Collected data:
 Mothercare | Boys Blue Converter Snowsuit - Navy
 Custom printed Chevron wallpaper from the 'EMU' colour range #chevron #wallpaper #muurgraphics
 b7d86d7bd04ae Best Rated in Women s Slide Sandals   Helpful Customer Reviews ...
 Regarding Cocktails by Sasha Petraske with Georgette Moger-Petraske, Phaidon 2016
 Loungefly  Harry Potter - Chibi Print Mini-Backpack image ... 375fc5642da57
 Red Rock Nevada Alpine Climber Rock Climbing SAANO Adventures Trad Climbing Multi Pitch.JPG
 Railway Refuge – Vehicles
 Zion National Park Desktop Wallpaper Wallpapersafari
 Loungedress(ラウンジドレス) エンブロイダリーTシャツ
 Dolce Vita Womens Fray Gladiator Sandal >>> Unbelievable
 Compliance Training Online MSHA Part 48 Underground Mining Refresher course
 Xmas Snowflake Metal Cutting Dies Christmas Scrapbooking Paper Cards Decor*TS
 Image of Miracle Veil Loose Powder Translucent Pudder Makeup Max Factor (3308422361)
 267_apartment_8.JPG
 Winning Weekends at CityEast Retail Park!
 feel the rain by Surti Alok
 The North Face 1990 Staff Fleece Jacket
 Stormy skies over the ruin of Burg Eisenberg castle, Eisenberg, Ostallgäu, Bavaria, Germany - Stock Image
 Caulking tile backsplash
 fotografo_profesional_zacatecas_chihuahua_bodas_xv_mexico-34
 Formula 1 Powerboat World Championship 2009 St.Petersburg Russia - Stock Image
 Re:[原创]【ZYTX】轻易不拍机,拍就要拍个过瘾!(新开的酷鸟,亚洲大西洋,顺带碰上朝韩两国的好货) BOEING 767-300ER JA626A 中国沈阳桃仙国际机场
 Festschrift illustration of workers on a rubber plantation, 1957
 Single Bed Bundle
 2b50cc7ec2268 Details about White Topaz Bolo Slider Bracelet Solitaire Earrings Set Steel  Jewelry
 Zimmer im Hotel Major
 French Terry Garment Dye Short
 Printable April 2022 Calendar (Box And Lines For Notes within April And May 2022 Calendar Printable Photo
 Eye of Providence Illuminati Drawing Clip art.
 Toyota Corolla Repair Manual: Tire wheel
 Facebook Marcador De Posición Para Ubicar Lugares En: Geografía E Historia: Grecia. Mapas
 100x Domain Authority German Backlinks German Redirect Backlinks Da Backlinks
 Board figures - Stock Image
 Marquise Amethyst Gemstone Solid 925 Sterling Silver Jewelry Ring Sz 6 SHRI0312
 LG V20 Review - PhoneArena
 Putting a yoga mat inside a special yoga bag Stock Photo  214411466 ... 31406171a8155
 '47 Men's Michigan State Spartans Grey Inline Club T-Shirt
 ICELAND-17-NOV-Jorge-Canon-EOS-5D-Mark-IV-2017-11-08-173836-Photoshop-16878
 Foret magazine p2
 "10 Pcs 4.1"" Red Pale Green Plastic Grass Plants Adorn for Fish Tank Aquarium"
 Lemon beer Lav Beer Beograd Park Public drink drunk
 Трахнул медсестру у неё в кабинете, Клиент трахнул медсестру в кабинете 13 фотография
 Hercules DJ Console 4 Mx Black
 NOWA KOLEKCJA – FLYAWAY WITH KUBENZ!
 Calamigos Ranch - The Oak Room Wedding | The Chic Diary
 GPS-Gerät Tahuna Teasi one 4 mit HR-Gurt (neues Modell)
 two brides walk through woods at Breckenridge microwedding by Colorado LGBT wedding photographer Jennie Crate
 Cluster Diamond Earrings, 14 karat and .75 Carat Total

ACTIVITY
Take the line above containing "Railway Refuge – Vehicles", the line containing "Formula 1 Powerboat", and all lines in between, and copy them exactly without anything else.

RESULT OF THE EXERCISE
 Railway Refuge – Vehicles
 Zion National Park Desktop Wallpaper Wallpapersafari
 Loungedress(ラウンジドレス) エンブロイダリーTシャツ
 Dolce Vita Womens Fray Gladiator Sandal >>> Unbelievable
 Compliance Training Online MSHA Part 48 Underground Mining Refresher course
 Xmas Snowflake Metal Cutting Dies Christmas Scrapbooking Paper Cards Decor*TS
 Image of Miracle Veil Loose Powder Translucent Pudder Makeup Max Factor (3308422361)
 267_apartment_8.JPG
 Winning Weekends at CityEast Retail Park!
 feel the rain by Surti Alok
 The North Face 1990 Staff Fleece Jacket
 Stormy skies over the ruin of Burg Eisenberg castle, Eisenberg, Ostallgäu, Bavaria, Germany - Stock Image
 Caulking tile backsplash
 fotografo_profesional_zacatecas_chihuahua_bodas_xv_mexico-34
 Formula 1 Powerboat World Championship 2009 St.Petersburg Russia - Stock Image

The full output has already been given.